[[ RECORDS FOR THE TASK, beginning ]]
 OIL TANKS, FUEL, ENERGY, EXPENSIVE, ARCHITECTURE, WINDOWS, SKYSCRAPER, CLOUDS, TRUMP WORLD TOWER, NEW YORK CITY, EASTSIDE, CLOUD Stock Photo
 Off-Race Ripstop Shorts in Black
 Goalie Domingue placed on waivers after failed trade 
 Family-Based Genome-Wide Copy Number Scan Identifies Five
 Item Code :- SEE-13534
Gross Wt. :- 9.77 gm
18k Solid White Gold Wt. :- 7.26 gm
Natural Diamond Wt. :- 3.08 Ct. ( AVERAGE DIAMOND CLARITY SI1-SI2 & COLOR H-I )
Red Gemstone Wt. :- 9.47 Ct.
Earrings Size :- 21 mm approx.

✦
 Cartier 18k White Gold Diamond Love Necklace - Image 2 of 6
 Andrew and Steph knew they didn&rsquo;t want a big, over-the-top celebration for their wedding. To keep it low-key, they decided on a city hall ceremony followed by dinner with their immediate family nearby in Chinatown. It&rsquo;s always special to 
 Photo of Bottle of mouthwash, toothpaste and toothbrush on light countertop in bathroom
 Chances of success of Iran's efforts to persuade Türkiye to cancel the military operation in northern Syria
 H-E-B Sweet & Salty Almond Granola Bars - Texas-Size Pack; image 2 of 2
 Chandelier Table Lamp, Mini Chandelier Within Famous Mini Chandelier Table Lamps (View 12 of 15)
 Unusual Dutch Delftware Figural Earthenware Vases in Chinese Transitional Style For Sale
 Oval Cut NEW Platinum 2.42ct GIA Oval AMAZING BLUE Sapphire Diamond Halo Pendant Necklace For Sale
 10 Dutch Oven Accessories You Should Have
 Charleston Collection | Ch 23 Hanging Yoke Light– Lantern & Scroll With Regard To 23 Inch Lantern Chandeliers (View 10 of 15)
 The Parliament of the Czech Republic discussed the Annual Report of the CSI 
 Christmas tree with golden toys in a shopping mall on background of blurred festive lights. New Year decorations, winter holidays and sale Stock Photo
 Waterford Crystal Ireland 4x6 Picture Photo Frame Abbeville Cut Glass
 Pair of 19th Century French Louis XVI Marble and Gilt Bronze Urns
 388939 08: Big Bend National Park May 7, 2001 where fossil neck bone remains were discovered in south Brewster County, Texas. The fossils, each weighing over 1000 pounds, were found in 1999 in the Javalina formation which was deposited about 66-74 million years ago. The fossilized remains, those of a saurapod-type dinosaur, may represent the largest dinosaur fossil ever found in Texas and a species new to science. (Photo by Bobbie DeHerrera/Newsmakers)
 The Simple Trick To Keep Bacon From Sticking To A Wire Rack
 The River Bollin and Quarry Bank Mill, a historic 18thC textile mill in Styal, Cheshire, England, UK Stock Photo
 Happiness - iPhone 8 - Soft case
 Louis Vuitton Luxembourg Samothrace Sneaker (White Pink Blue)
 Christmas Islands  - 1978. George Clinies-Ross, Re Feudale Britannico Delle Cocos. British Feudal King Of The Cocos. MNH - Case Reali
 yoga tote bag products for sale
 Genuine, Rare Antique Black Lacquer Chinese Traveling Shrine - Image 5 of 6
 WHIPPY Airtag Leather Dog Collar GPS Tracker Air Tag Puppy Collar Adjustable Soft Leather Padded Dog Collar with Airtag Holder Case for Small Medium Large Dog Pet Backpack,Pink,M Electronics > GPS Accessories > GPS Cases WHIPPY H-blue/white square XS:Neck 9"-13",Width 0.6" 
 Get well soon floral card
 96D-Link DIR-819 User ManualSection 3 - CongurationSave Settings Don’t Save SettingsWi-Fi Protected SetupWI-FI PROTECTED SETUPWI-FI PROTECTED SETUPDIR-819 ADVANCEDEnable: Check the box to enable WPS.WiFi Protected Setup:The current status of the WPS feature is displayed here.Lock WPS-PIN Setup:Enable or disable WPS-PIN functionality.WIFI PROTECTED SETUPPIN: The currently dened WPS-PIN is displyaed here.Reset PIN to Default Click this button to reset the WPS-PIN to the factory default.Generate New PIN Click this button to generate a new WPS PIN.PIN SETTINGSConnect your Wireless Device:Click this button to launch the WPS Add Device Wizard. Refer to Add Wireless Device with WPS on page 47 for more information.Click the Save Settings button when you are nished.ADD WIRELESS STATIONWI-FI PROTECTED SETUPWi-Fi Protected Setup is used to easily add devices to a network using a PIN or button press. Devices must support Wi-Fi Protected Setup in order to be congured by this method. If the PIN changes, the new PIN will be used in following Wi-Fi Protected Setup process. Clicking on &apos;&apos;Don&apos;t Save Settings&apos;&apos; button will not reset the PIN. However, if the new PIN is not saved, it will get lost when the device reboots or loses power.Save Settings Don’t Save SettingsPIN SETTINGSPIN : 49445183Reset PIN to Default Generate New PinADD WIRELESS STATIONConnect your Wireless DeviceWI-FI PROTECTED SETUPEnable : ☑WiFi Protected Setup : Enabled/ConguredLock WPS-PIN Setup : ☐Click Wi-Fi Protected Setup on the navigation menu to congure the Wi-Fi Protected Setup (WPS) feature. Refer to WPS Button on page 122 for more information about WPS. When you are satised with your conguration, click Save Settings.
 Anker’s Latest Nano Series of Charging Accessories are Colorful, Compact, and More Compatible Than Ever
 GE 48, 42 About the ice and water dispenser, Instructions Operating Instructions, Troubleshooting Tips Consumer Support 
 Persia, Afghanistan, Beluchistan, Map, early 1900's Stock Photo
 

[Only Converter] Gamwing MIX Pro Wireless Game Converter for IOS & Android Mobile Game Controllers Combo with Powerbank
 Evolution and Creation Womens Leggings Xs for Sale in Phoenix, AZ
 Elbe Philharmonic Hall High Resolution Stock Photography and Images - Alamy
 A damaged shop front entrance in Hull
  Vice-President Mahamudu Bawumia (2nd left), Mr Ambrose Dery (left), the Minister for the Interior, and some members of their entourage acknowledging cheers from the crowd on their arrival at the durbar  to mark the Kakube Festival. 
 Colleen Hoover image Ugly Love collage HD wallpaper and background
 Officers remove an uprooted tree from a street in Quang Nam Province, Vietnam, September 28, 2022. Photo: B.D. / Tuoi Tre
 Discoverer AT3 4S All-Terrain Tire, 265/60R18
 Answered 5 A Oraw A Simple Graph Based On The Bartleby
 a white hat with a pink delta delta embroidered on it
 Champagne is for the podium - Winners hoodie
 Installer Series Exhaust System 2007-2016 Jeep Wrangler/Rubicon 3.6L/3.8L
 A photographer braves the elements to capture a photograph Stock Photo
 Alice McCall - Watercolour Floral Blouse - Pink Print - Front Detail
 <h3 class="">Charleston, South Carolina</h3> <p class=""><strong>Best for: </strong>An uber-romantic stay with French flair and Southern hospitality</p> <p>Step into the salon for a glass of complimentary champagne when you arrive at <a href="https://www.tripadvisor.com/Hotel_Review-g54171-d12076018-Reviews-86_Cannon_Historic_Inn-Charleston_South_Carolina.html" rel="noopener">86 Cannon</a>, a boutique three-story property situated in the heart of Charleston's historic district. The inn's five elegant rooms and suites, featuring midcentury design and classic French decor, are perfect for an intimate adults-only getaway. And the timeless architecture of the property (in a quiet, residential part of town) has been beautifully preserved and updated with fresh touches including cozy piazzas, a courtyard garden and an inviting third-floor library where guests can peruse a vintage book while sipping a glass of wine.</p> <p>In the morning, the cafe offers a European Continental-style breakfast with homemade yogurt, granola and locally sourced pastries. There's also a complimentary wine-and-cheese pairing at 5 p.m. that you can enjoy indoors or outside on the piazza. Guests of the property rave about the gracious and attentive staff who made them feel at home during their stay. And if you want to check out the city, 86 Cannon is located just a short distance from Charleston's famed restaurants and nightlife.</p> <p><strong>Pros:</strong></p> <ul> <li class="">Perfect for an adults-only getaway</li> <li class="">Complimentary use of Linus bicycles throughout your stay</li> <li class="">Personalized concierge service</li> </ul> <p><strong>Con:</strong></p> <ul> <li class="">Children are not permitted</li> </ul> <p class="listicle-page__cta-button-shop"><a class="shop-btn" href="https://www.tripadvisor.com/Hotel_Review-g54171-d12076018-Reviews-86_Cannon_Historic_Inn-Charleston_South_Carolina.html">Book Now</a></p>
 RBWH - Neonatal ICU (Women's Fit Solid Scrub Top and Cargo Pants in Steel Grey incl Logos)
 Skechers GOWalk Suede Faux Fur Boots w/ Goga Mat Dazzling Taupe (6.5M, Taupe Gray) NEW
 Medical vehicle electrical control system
[[ RECORDS FOR THE TASK, end ]]
• DIRECTIONS FOR THIS TASK:
Check each line above for the string "Black" and copy the ones that have it.

• EXERCISE RESPONSE:
 Off-Race Ripstop Shorts in Black
 Genuine, Rare Antique Black Lacquer Chinese Traveling Shrine - Image 5 of 6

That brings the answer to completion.